▶ **INPUT**:
BEGIN

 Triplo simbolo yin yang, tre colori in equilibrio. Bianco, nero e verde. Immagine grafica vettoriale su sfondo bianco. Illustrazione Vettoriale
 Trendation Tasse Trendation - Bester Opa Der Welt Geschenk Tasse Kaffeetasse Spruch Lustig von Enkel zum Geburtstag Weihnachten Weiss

END
BEGIN

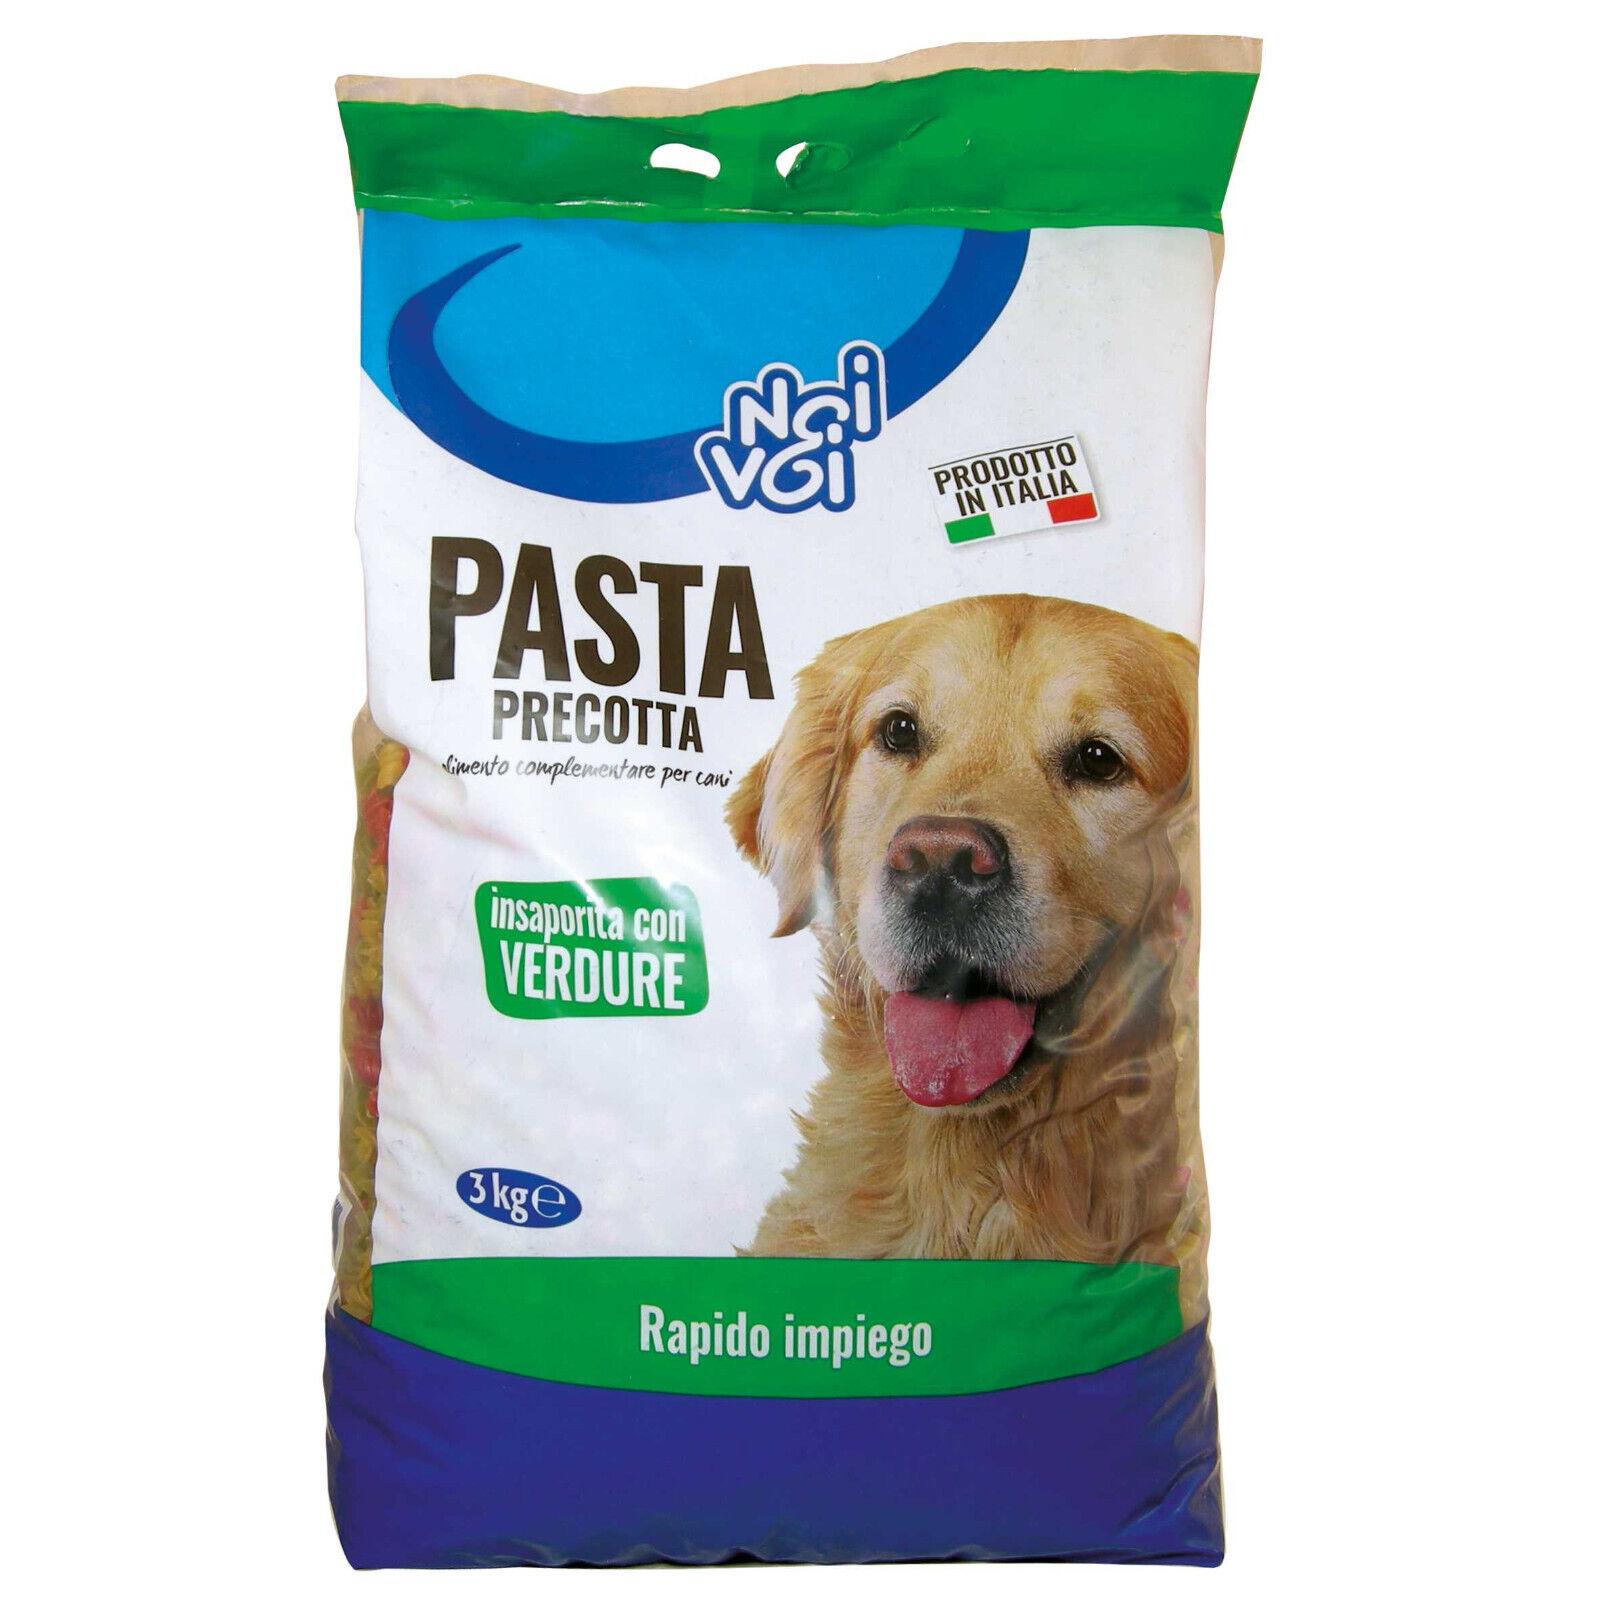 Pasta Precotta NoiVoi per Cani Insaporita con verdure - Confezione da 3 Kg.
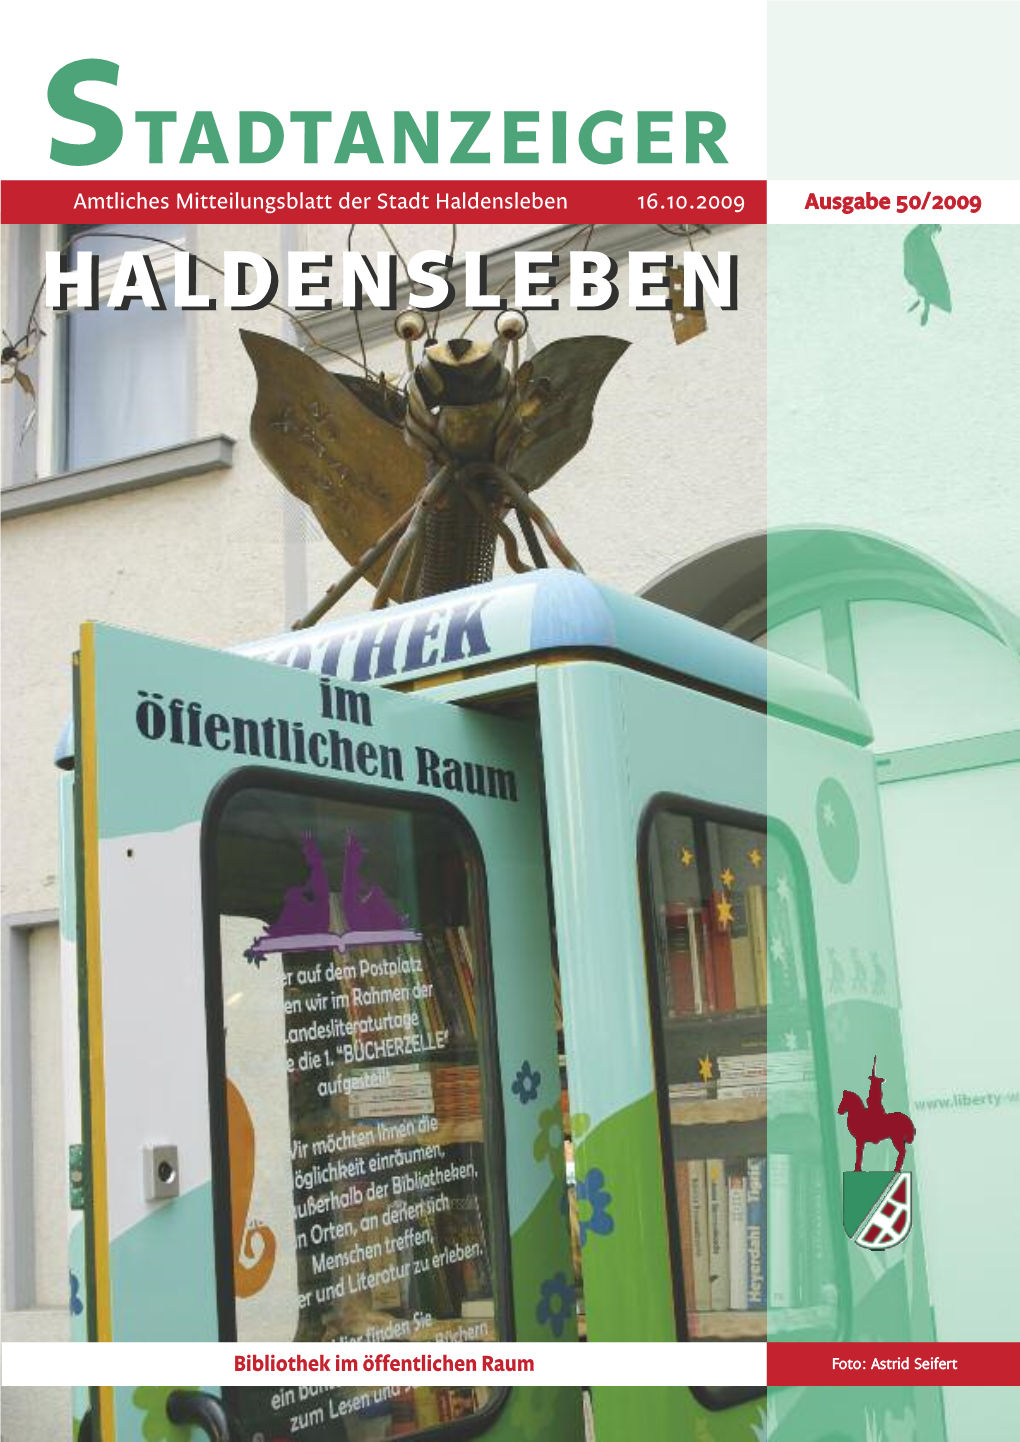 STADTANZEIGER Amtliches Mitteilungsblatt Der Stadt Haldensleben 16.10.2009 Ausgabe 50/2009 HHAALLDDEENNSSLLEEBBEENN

END

▶ **EXERCISE REQUIREMENTS**:
Using the records above, restate word for word the lines from the one with "Triplo simbolo yin" through the one with "Trendation Tasse Trendation", both included.

▶ **REPLY**:
 Triplo simbolo yin yang, tre colori in equilibrio. Bianco, nero e verde. Immagine grafica vettoriale su sfondo bianco. Illustrazione Vettoriale
 Trendation Tasse Trendation - Bester Opa Der Welt Geschenk Tasse Kaffeetasse Spruch Lustig von Enkel zum Geburtstag Weihnachten Weiss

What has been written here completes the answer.